Starting at the line holding "VIPKID官方回应融资暴雷传言:造谣,已启动法律程" and finishing at the line holding "img_20160515_074928-jpg.30612_Mongolia Rainbow Horse", transcribe the material exactly, keeping both ends but no pictures.
BEGIN Source material
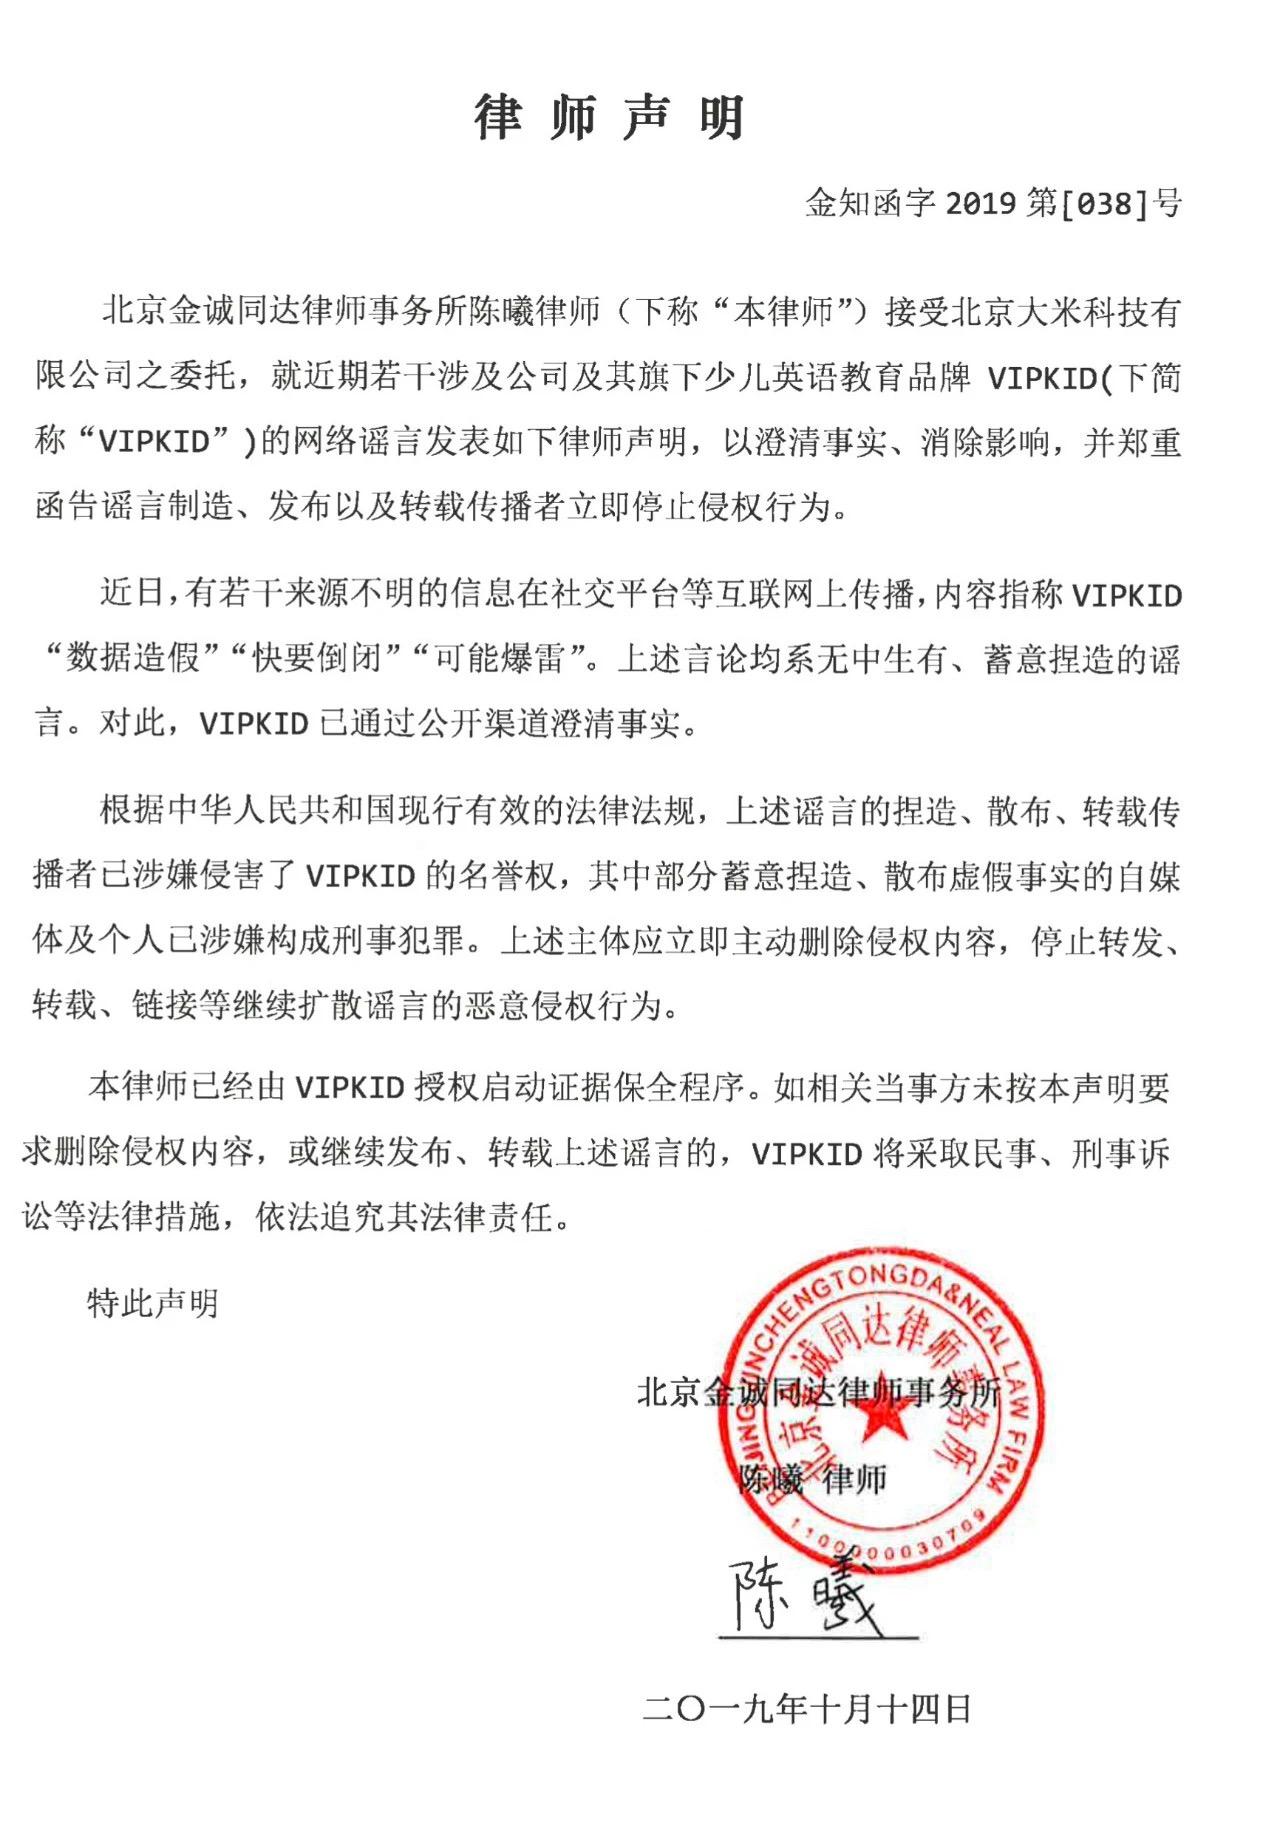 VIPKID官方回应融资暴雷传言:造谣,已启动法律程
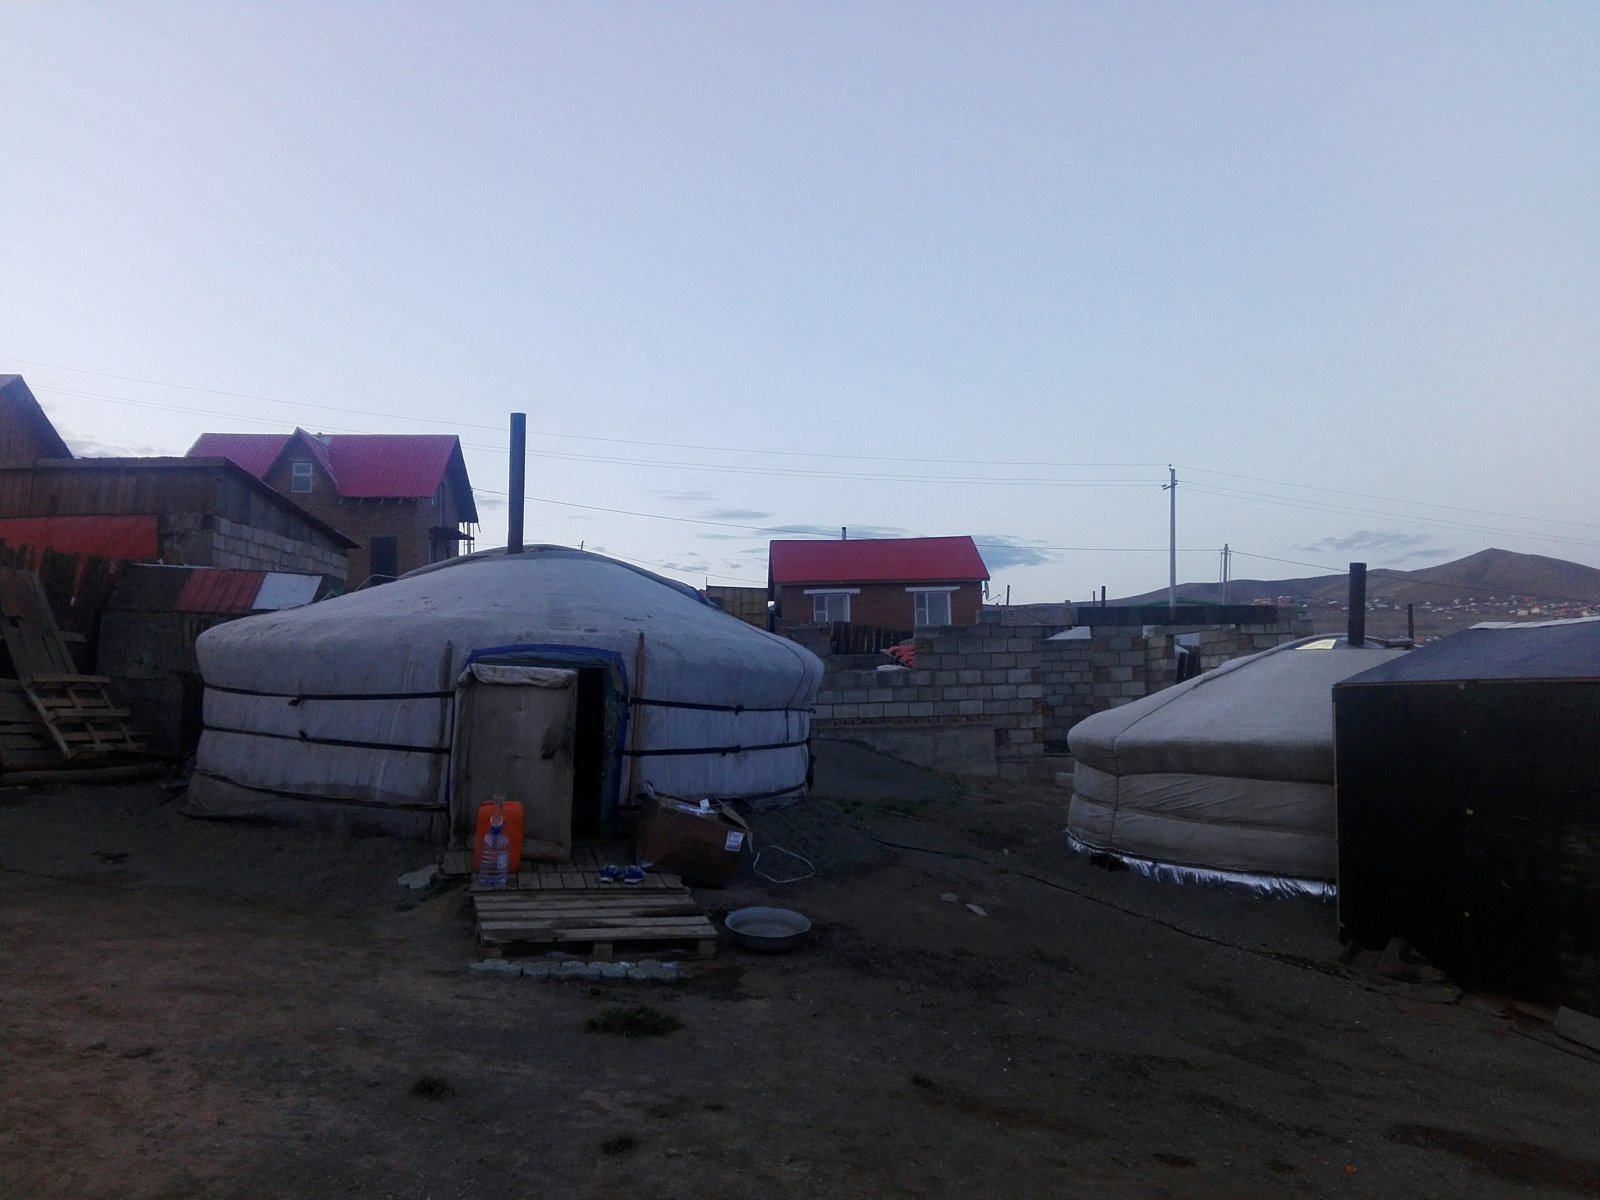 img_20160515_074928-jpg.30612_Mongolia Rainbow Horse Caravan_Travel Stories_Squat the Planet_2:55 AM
END Source material
BEGIN Source material
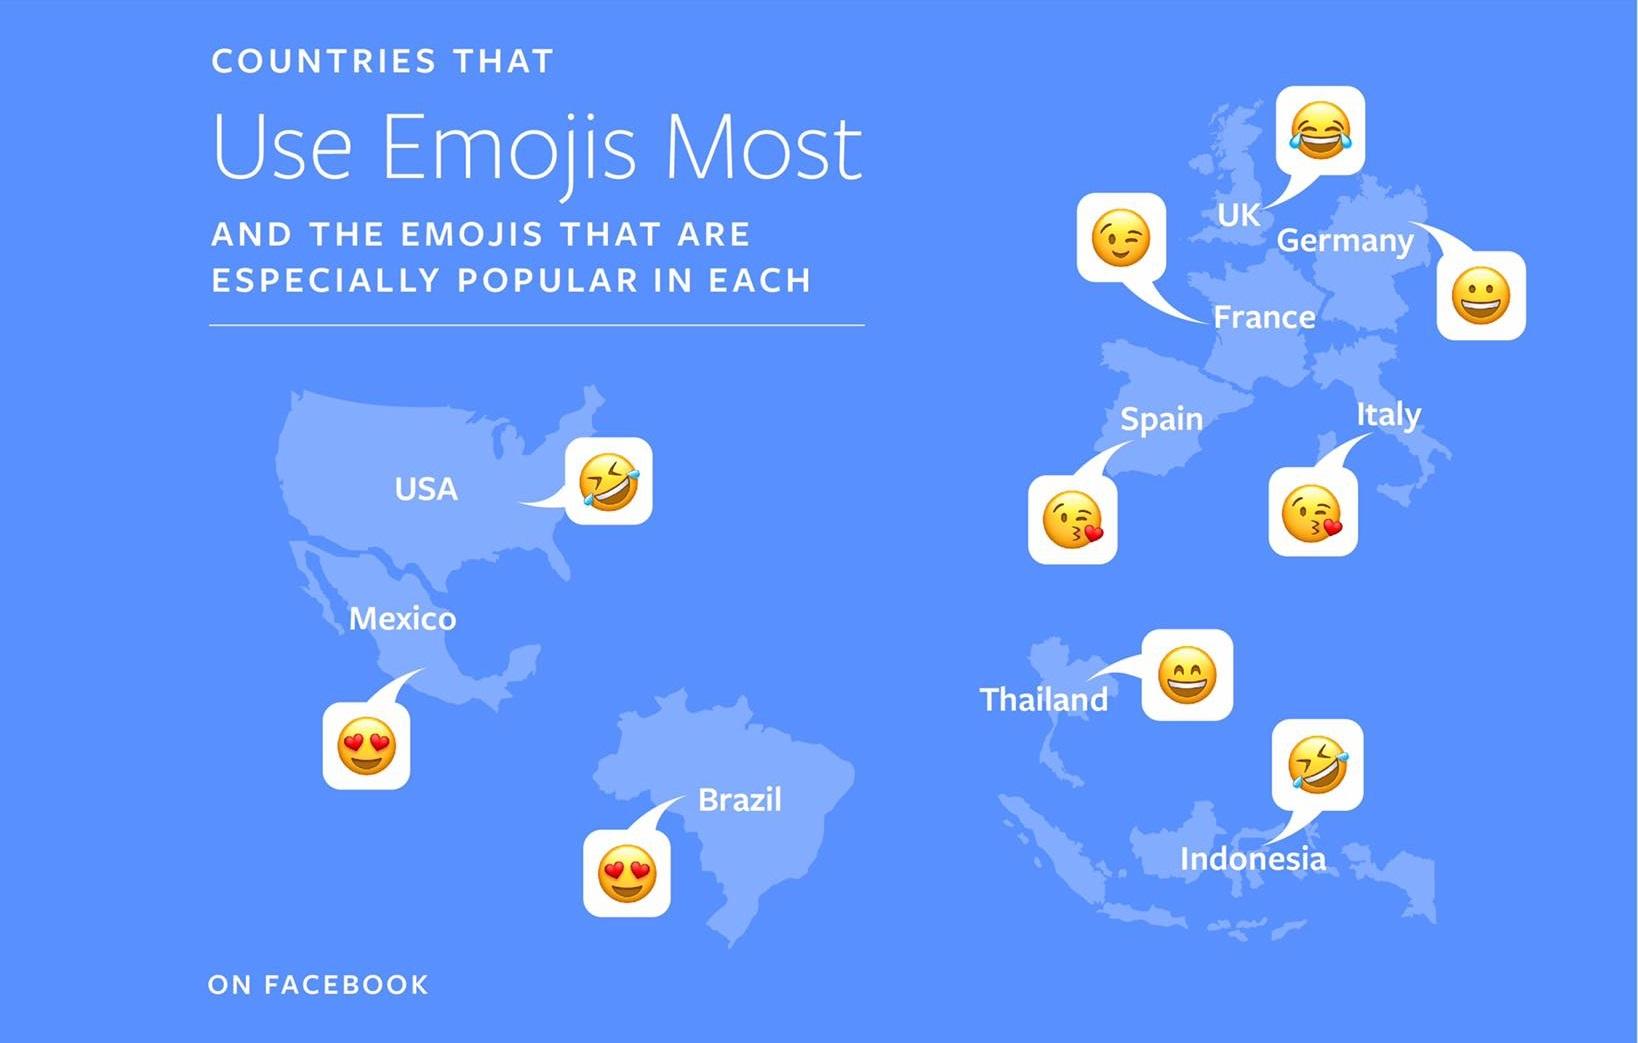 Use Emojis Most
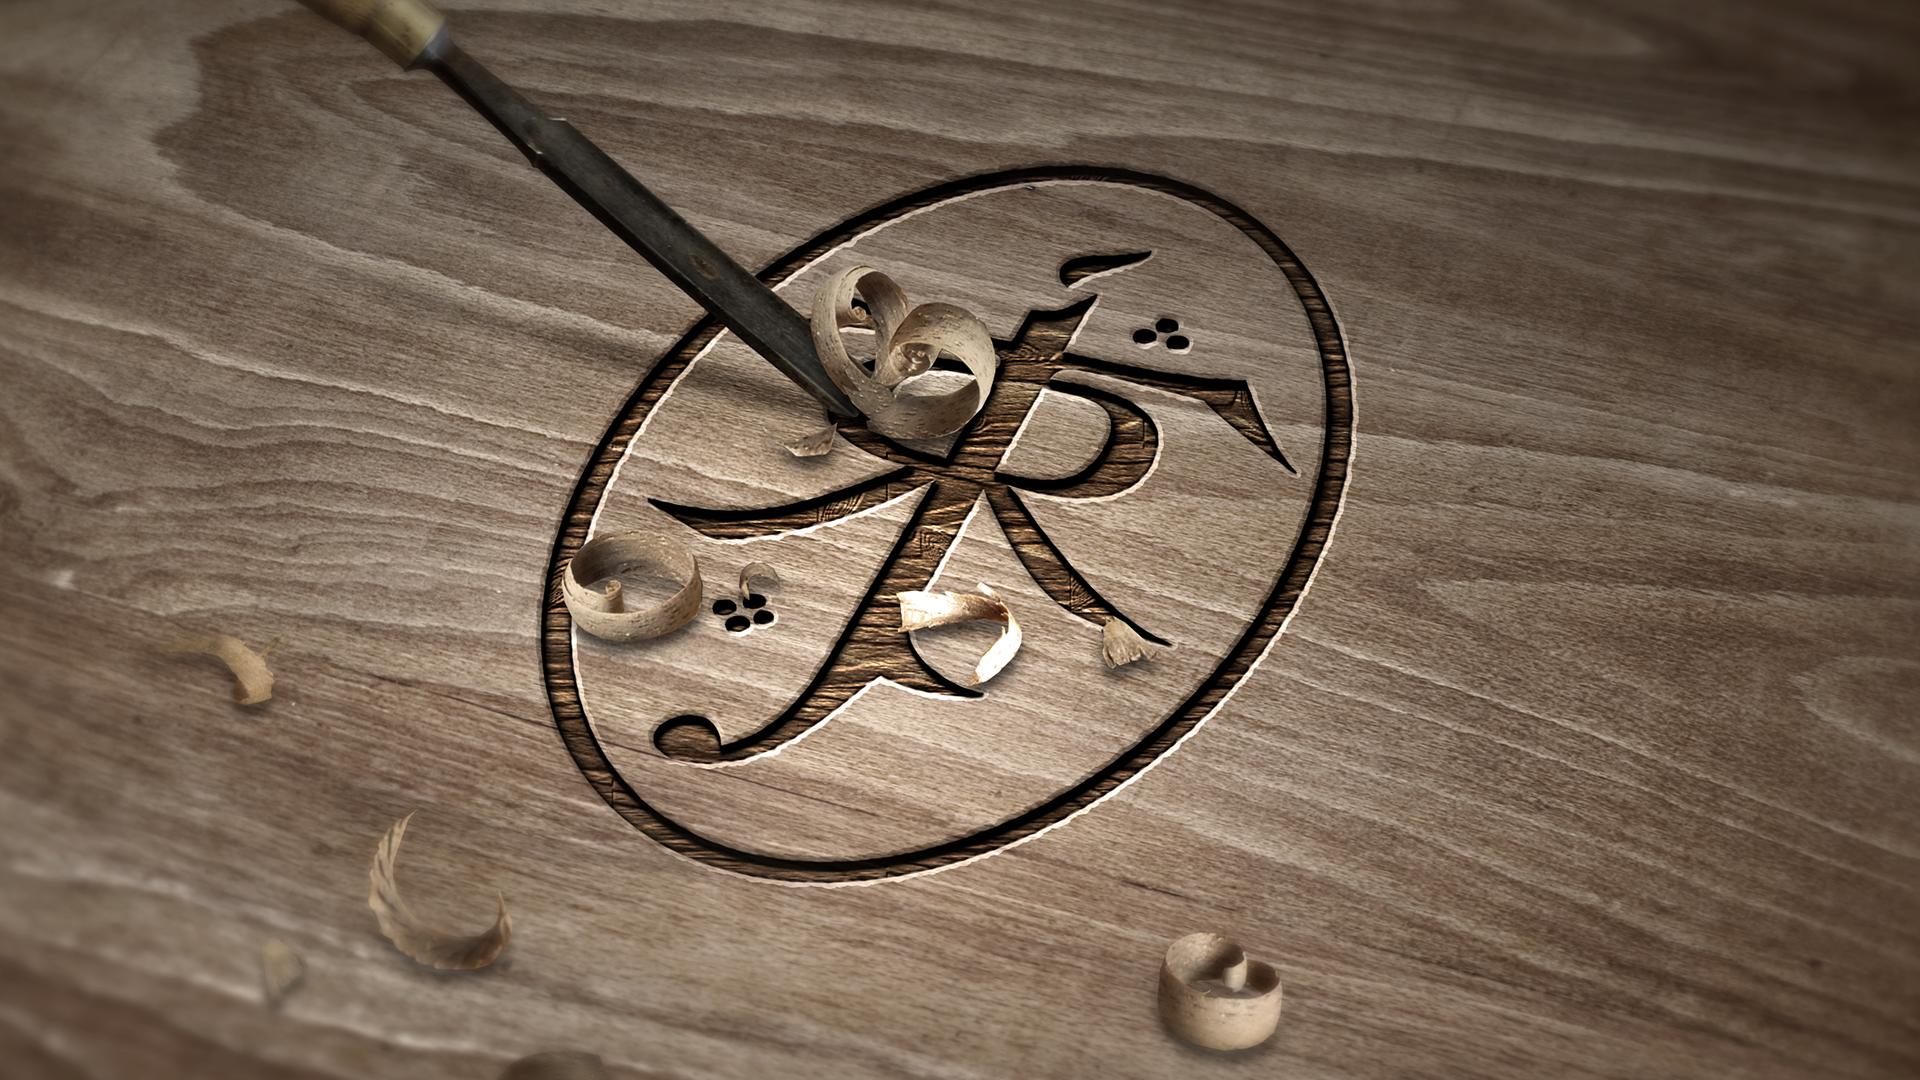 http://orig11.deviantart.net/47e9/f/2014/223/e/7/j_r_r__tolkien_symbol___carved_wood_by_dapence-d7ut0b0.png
END Source material
Task result
 VIPKID官方回应融资暴雷传言:造谣,已启动法律程
 img_20160515_074928-jpg.30612_Mongolia Rainbow Horse Caravan_Travel Stories_Squat the Planet_2:55 AM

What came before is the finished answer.